Je quitte le château sans même chercher à lui rendre visite, forte de l’idée qu’elle ne veut de toute manière pas me voir. Je transplane à la maison, dédaignant tout autre moyen de transport, sans même prévenir Elowen ou mes parents. J’abandonne la première et surprends les seconds en apparaissant proche de la barrière magique qui rend incartable le domaine. Puisque je ne suis pas attendue, je ne peux pas pénétrer chez moi. Je me sens recluse, peut-être même abandonnée mais je mets ce sentiment-là sur le compte de l’ombre qui recouvre mon coeur depuis quelques jours.

Ma valise flotte tranquillement dans mon dos et me suit, habilement dirigée par ma magie. Je patauge dans les champs humides, un Zikomo silencieux sur l’épaule. Je reconnais la forêt au loin et l’herbe qui m’entoure, mais aucune trace de la maison. Évidemment, puisque celle-ci est incartable et qu’il n’y a pas de raison que je puisse franchir la barrière étant donné que je ne rentre jamais chez moi seule — nouvelle preuve que mes parents me considèrent encore comme une enfant. Je crispe les mâchoires et attends fébrilement dans la chaleur estivale que quelqu’un daigne se pointer.

Cela ne tarde pas à arriver. En même temps qu’ils apparaissent devant moi, la maison se détache soudainement sur l’obscurité, grande et fière masure qui rayonne comme une boule de vie dont la chaleur n’arrive pas à m’atteindre. Je tourne les yeux vers ma famille. Ils sont étonnés, peut-être même choqués ; maman, papa, Aodren, Natanaël et Zakary, perdus au milieu des champs face à une élève en uniforme, les cheveux balayés par les bourrasques du Worcestershire.

Papa est rouge de rage ; maman livide. Le premier se rue vers moi, le regard plus sombre encore que la nuit.

« Qu’est-ce que tu fais là ?! » rugit-il.
Dernière modification par Aelle Bristyle le 07 oct. 2022, 21:19, modifié 2 fois.

12 août 2022, 09:55
 Worcestershire  Au centre du monde, il y a moi  Solo 
Jamais je ne l’ai vu aussi effrayé, aussi colérique et aussi rouge. J’ai un geste de recul ; ça ne l’empêche pas de m’attraper par le bras. La prise est brutale mais cela ne dure qu’une fraction de seconde. Il me lâche aussitôt pour poser ses mains sur mes joues. Il m’analyse sous toutes les coutures. L’effroi rend son regard brillant. Mal à l’aise, je gesticule mais il m’empêche de bouger.

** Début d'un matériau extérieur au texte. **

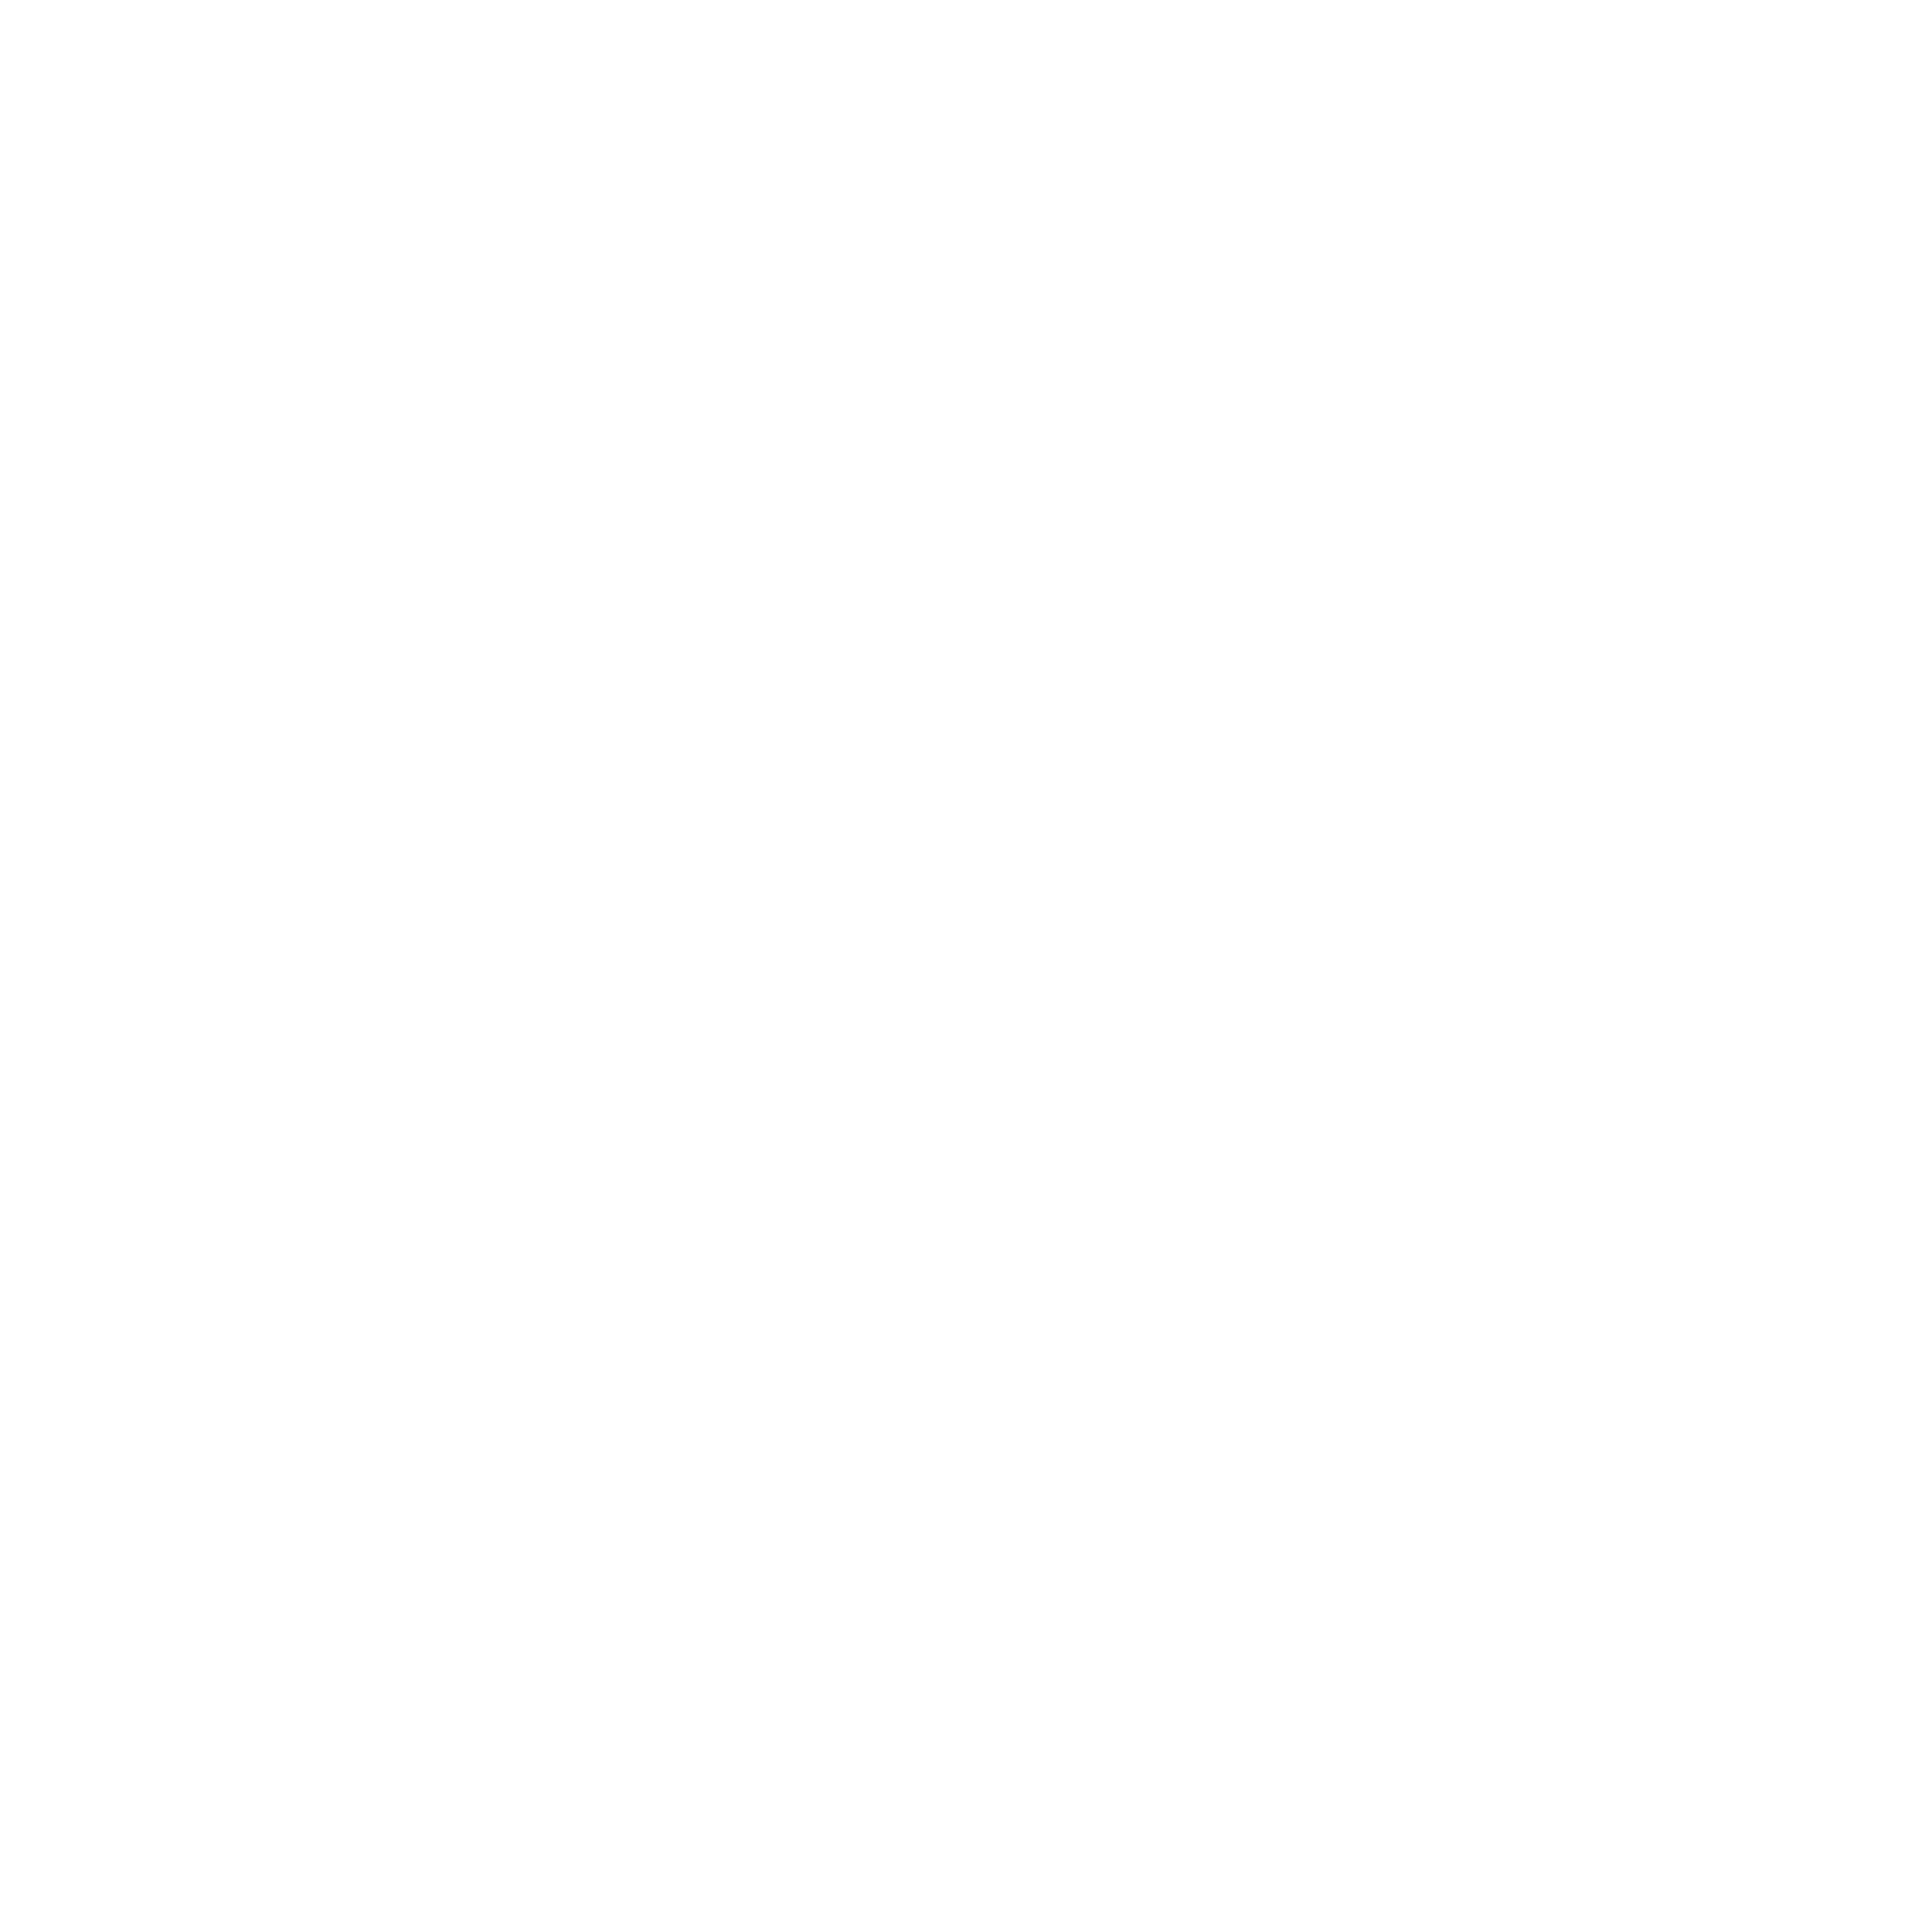 Flex-a-lite Logo - Flex a lite Logo PNG Transparent & SVG Vector - Freebie Supply

« Aelle, nous interrompt maman sur un ton froid, réponds à ton père. Qu’est-ce que tu fais là ? Nous devions te récupérer à la gare dans plusieurs heures. »

Grande et imposante, froide, sèche. Elle a un visage fait d’angles, elle aussi. Je peine à la regarder. J’observe silencieusement mes frères. Aodren est hilare, certainement parce qu'il a déjà compris quelle grosse connerie je viens de faire ; Natanaël et Zakary semblent aussi inquiets que notre père. Je hausse les épaules, agacée de devoir, encore et encore, me justifier et expliquer le moindre de mes comportements.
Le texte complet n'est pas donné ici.